Marakoopa Cave was first discovered in 1906 by two brothers living on a nearby farm. The cave was kept a secret until 1910 when they finally sought government permission to obtain the land and open it as a show cave. The cave was formed by limestone that is over 500 million years old. Small rivers continue to flow through the cave, causing formations to continue to grow as well as causing flooding 3 to 4 times a year. Some of the formations are estimated to be 30-40 million years old, but their exact age is not known because they are protected as a UNESCO World Heritage Site.
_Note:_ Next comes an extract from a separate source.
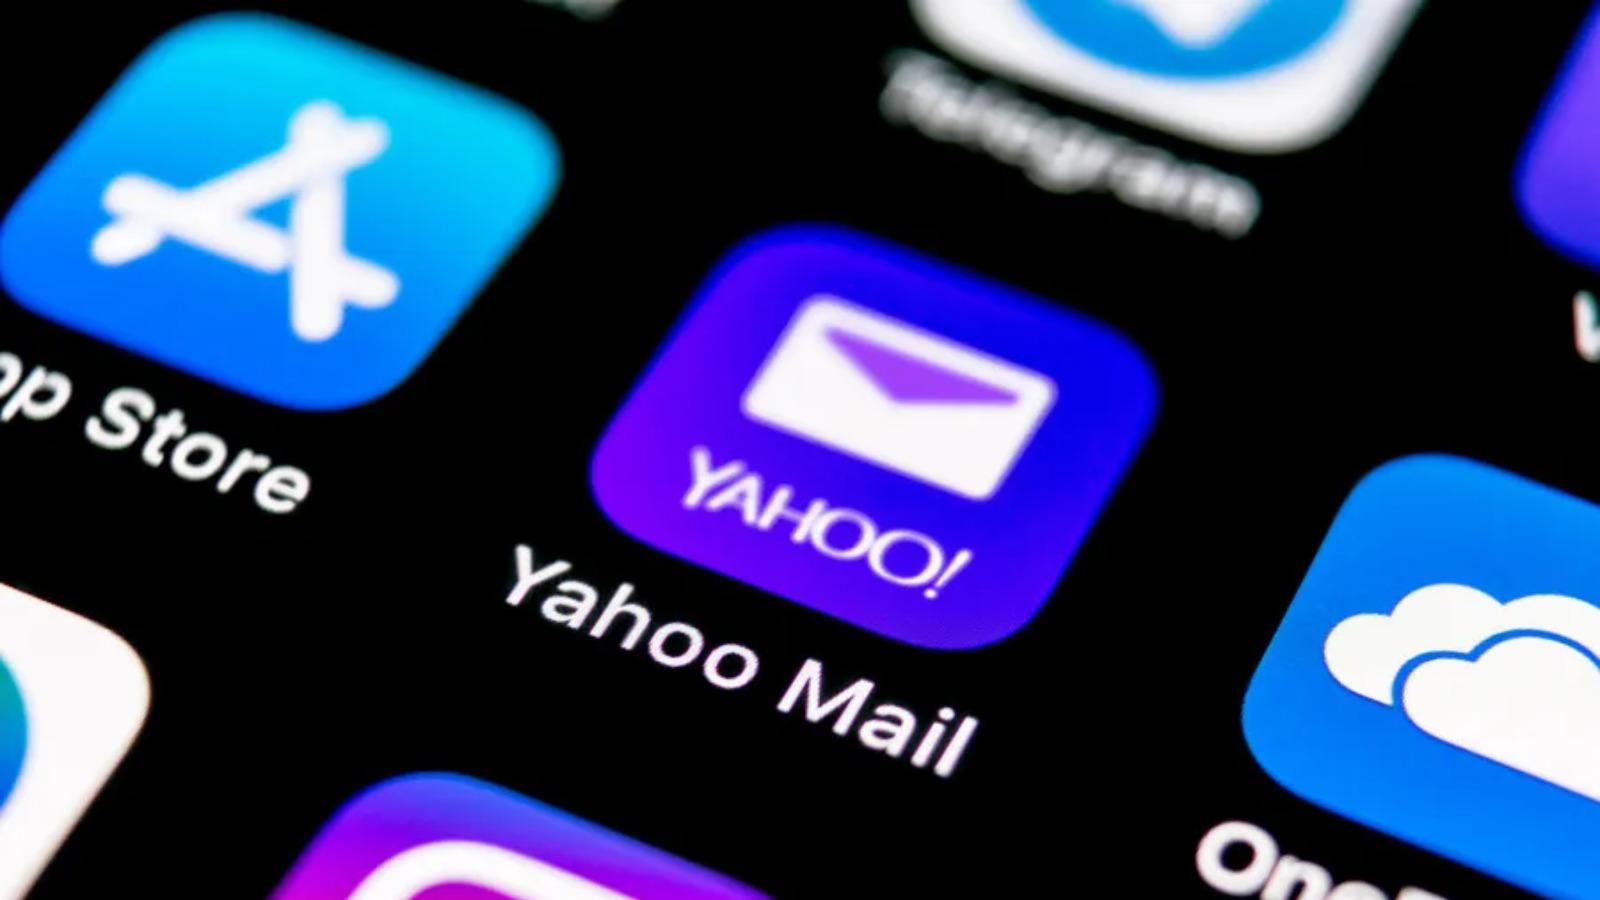 yahoo-mail-is-making-it-easier-for-online-shoppers-to-find-deals

Another fantastic feature of the cave was the glow worm chamber. Marakoopa Cave has the largest population of glow worms in Australia. But glow worms aren’t actually worms at all. Glow worms are actually the larval phase of an insect called the fungus gnat, which is similar to a mosquito. Once glow worms reach adulthood, they only live 3 to 4 days because they don’t have a mouth. The glow worms glow to attract food, and the population is still thriving because female glow worms glow brighter to attract males to mate with. The best way to describe what the glow worm chamber looked like with all of the lights off, is like looking at constellations at a planetarium. No pictures, but it was truly spectacular.

Second stop: honey farm to see what the buzz was all about. The farm included a museum that had a working hive on display as well as fun facts about bees. It also had a shop that featured dozens of types of honey available to sample. The leatherwood honey was unique to Tasmania. Other types included blueberry, chocolate hazelnut, orange blossom and rose. Other honey products included marinades, soaps, nougat and ice cream. The honey farm shop was definitely a hit with our whole group.

We rounded out the evening with some home made pizzas and hoped that the weather would improve for our hike tomorrow!